担任の村神先生が心配して、夜、家に電話をかけてきた。
村神先生は若い女の先生だ。
電話をとったママはしばらく先生と話し込んでいたが、電話を切ると美波にこう言った。
「村神先生がね、美波はこれまでよく頑張ってくれたって。みんなをまとめて色んな演出上のアイデアも出してくれて、みんなをここまで引っ張って来てくれたって。みんな美波に感謝してるし、だれも美波を責める人はいないって。でもね、美波が肺炎にでもなったらいけないから無理しないでって。難しい役だから代役は六年生に頼むそうよ。その子、劇団に通ってる子でね、美波と同じ役を一度やったことあるんだって。

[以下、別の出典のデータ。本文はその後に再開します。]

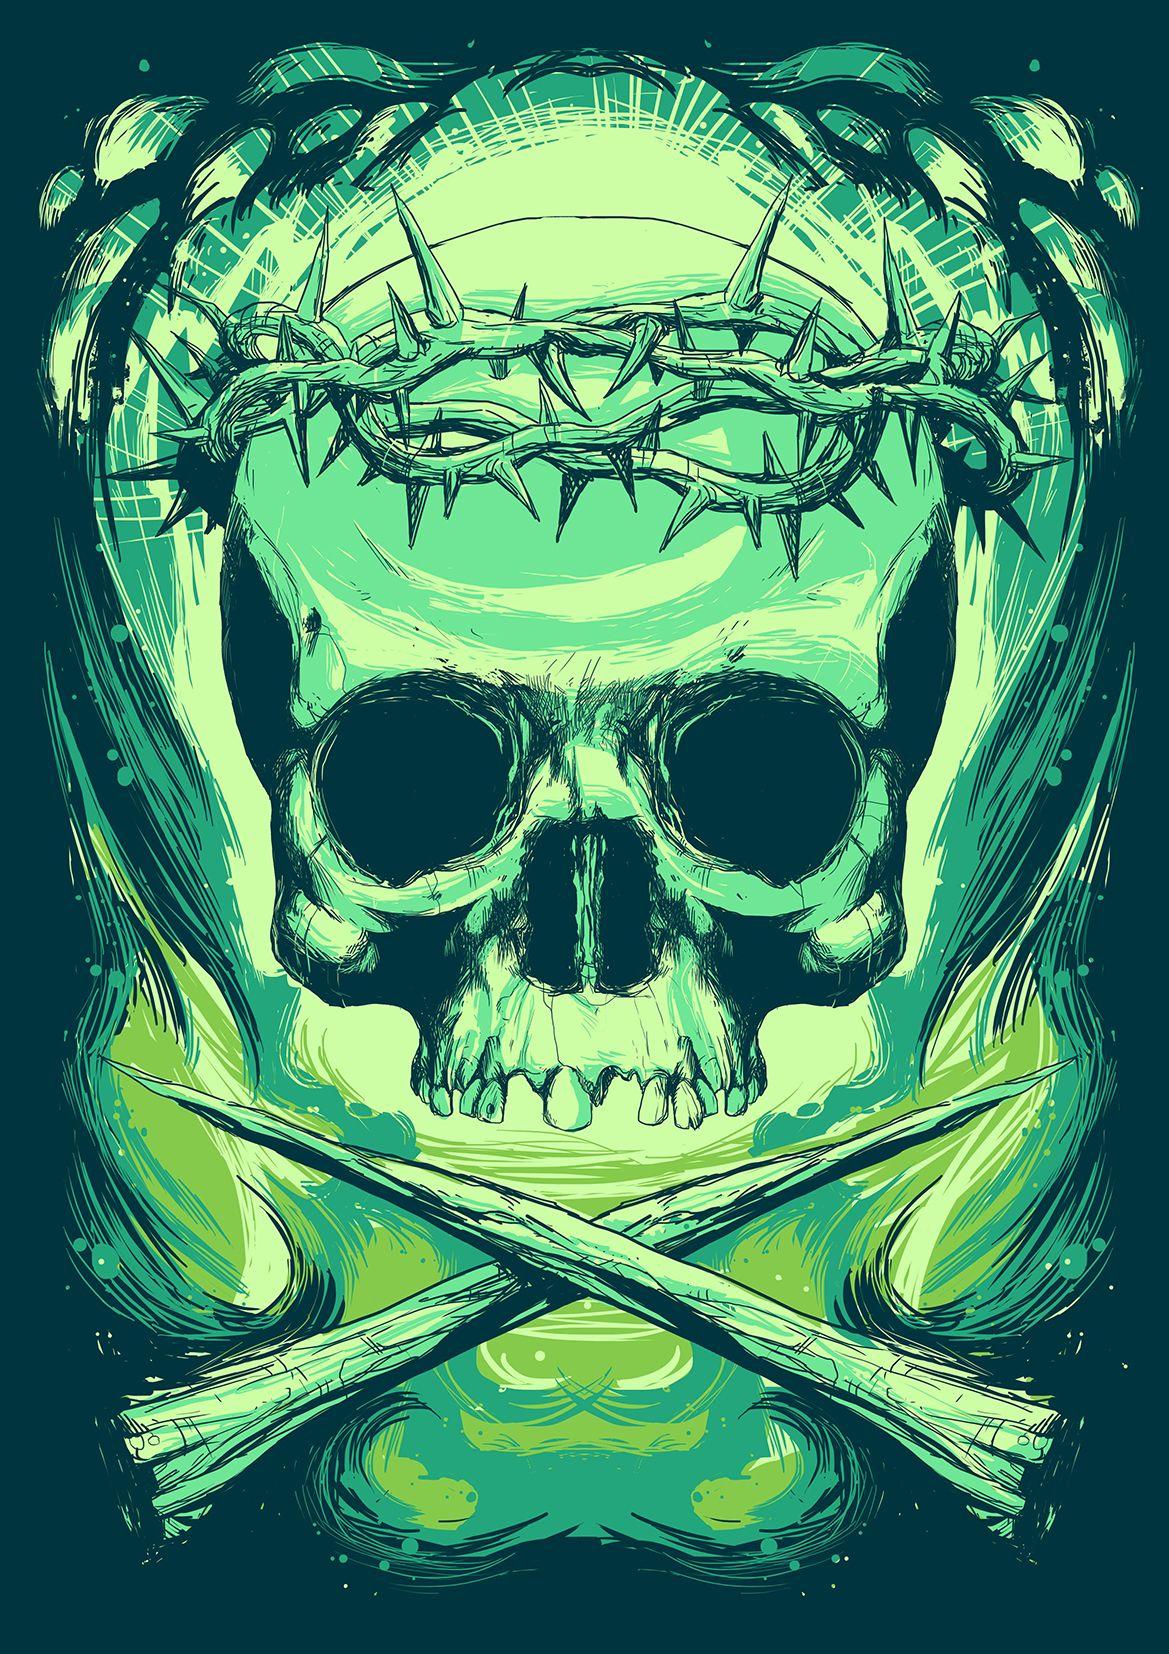 Jesus Skull - The New Custom on Behance | #Skulls | Pinterest ...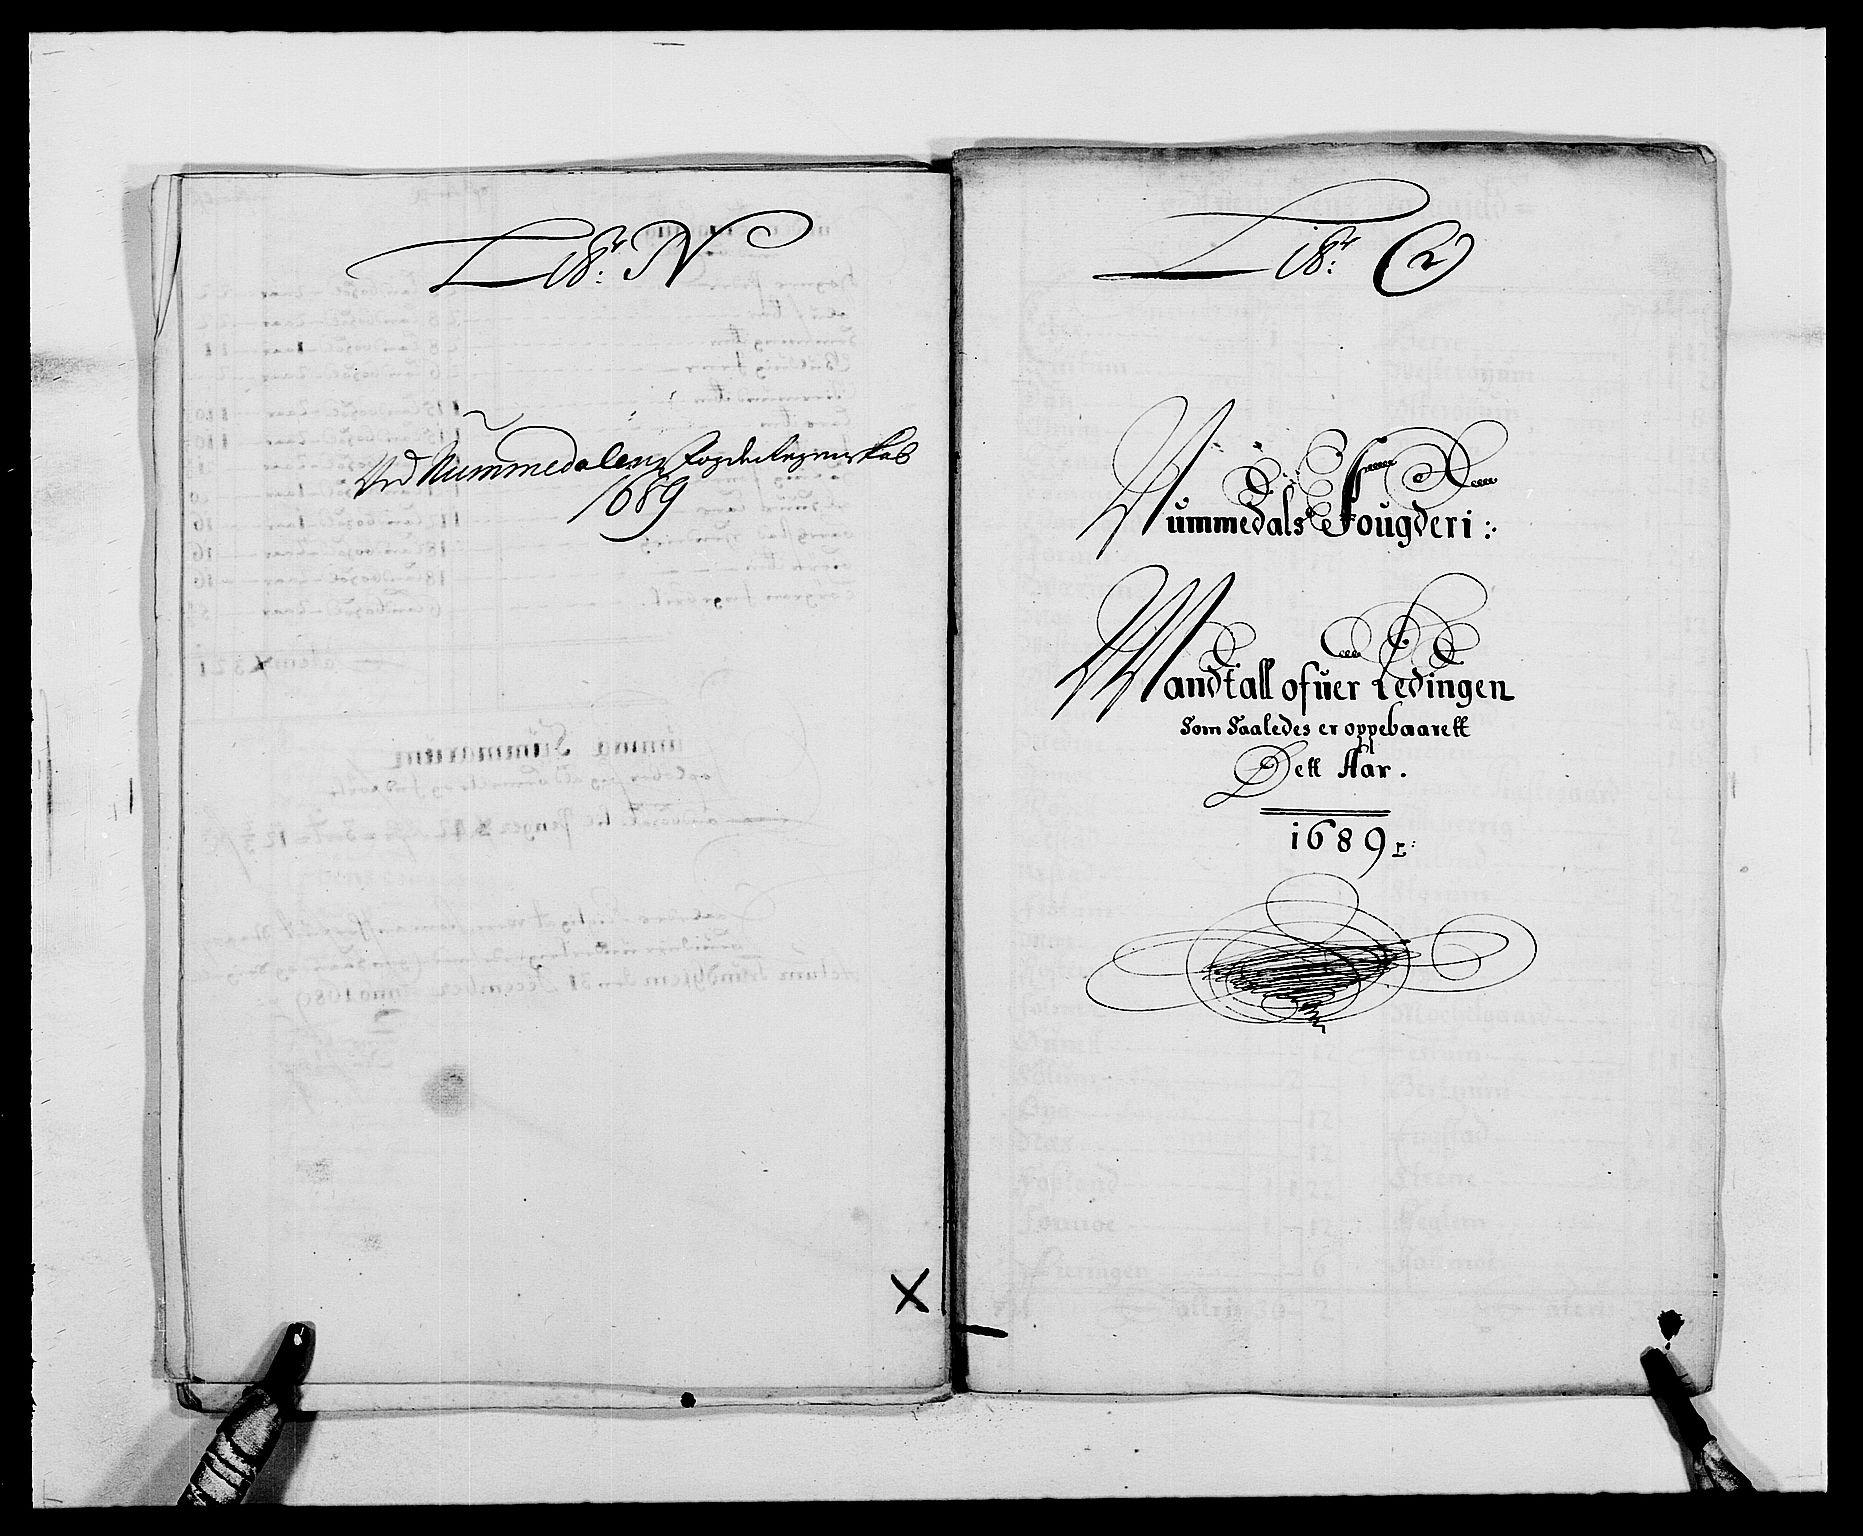 RA, Rentekammeret inntil 1814, Reviderte regnskaper, Fogderegnskap, R64/L4422: Fogderegnskap Namdal, 1687-1689, s. 271

だから心配しないでゆっくり休んで、早く風邪を治して、また元気に学校に来てねって先生言ってたわよ」
それを聞いて美波は泣き出した。
頭から布団をかぶって、時々咳き込みながら大声でワーワー泣いた。
◇◇
次の日は、パパが仕事を休んで美波を看病
した。
パパはおかゆを作ったり、氷枕を取りかえたりして、いろいろと美波の世話をやいたが、美波は布団にくるまって、あまり口をきかなかった。
夕方近くになって一言だけこう言った。
「パパごめんね。あんなに練習したのに、
こんなことになっちゃって」
「いいんだよ美波、パパこの三週間楽しかったよ。そりゃあパパだって、美波の晴れ姿を見たかったけど、仕方ないさ。また次の二年後にリベンジしよう」
「うん」
美波は小さな声で頷いた。
◇◇
次の日は土曜日で学芸会当日。
パパもママも仕事は休み。
美波も学芸会は欠席だ。
「今日は久し振りに、ビデオ屋さんで映画でも借りて来て、三人でゆっくり観ようか?」
朝起きると、パパが提案した。
だけど、美波はどうしても学校に行くと言い出した。
「ねえ、パパ、ママ。私を学芸会に連れて行って。ほら熱も下がったよ」
と言って、体温計を見せる。
三六・五度、確かに平熱だ。
「私、声ガラガラだから、どうせお芝居できないけど、みんなが頑張っているところを、この目に焼きつけておきたいんだ」
「観るだけだったらいいけど、かえって悔しくならない?」
とママが訊いた。
「うん、大丈夫。代役の六年生の人の演技も、ぜひ参考に見ておきたいの」
「じゃあ、しょうがないわね」
と言ってママが同意し、三人で学芸会を見に行くことになった。
◇◇
四年生の出番の時間帯を見計らって、
三人で出かけた。
学校に着くと、体育館の外で出番待ちしていたクラスの子たちが美波を目ざとく見つけ、
「美波!」
と言って、駆け寄って来た。
みんな口々に、
「美波、風邪大丈夫?」
「やったー! 美波、来てくれたんだー!
嬉しい!」
「美波、会いたかったよ!」
などと声をかけながら、あっという間に大勢の生徒たちが美波を取り囲んだ。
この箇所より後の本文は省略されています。